Rakha mendapati Wisnu berdiri di sisi brankar rumah sakit yang ditempati Rakha di ruang UGD. Wajah lelaki itu tampak kusut.
"Saya di mana Mas? Apa yang terjadi?" ucap Rakha dengan suara serak. Rasa nyeri di kepalanya membuat Rakha agak kesulitan mengingat apa yang telah terjadi.
"Kamu di rumah sakit sekarang. Semalam kamu kecelakaan. Ada mobil box hitam yang menabrakmu," jawab Wisnu apa adanya.
Rakha mengerutkan kening. Otaknya mencoba mencerna ulang kalimat Wisnu.
Kecelakaan...
Mobil box hitam...
Astagfirullah al-adzim...
Walau belum sepenuhnya mengingat dengan baik, entah kenapa, Rakha merasa apa yang dikatakan Wisnu itu tidak benar.
"Tadi polisi sudah menjelaskan semuanya pada Mas dari bukti di TKP dan keterangan saksi warga sekitar. Ada sebuah mobil box hitam yang dikendarai oleh seorang laki-laki tua bernama Bapak Ahmad. Polisi menduga, Bapak Ahmad kehilangan keseimbangan saat mengemudi sehingga menyebabkan mobilnya tergelincir dikarenakan dia mengidap penyakit berat.
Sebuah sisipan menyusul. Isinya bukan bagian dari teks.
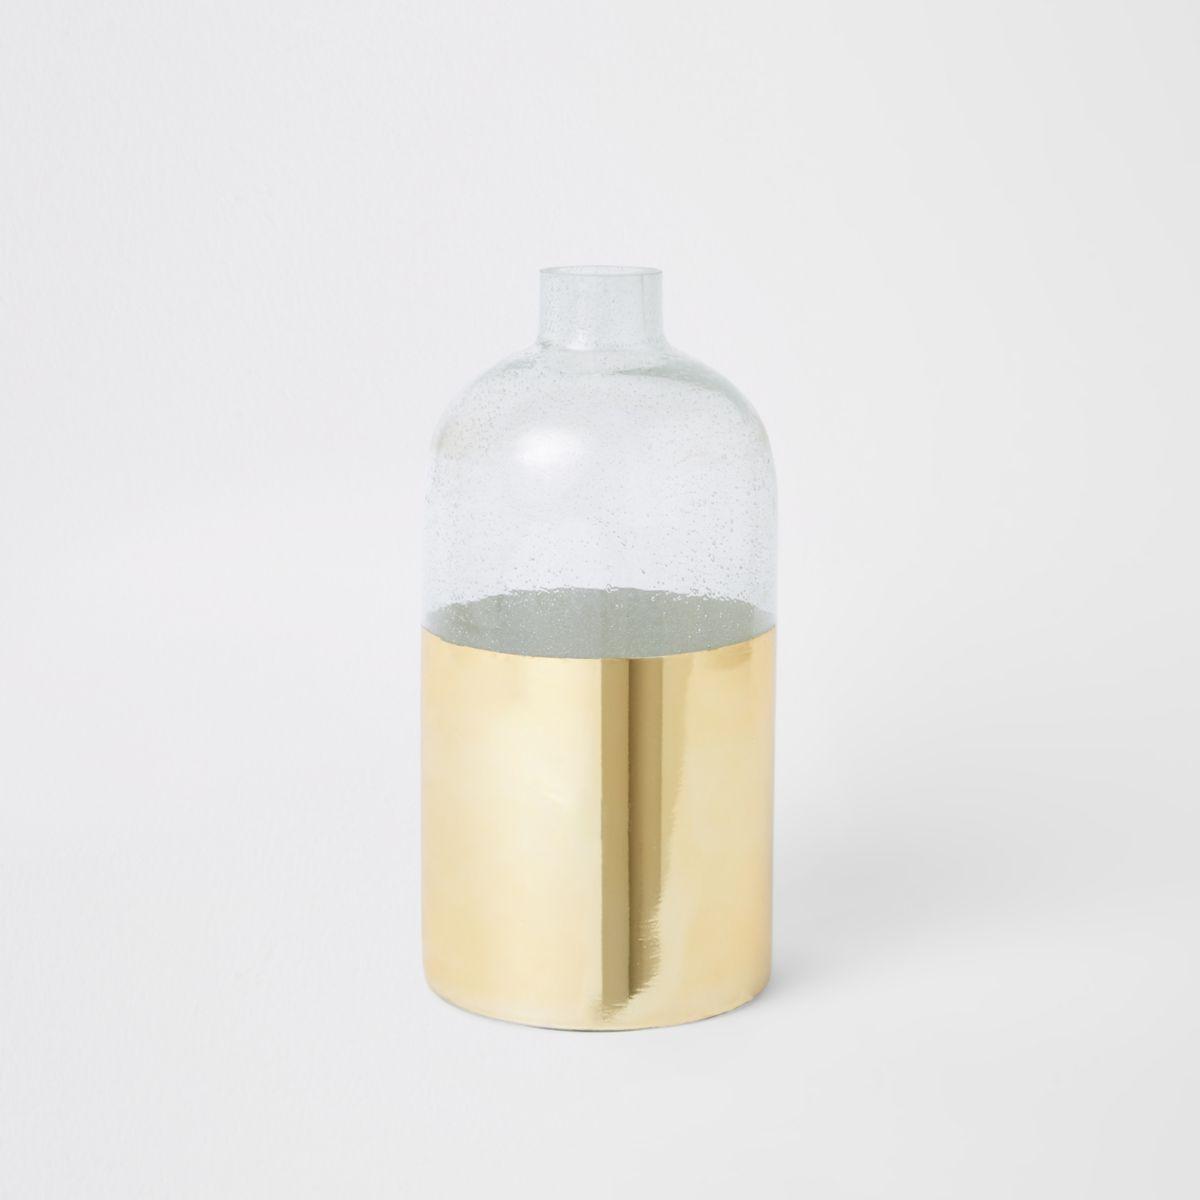 Gold Vase, £25

Bapak Ahmad menderita penyakit TBC, dia meninggal di tempat kejadian setelah mobil yang dia kendarai menabrakmu dan seorang wanita bernama Rania di halte dekat Rumah sakit," jelas Wisnu panjang lebar.
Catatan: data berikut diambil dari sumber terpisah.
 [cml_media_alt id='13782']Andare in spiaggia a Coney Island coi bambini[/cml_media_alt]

"Innalillahi wainna ilaihi rajiun..." gumam Rakha pelan. Takdir Allah memang tidak ada yang bisa menebak. Nyatanya, malam tadi adalah detik-detik waktu kehidupan Bapak Ahmad berakhir di dunia. Dan tentunya, malam tadi malaikat maut sudah berada begitu dekat dengan Bapak Ahmad maupun Rakha sendiri.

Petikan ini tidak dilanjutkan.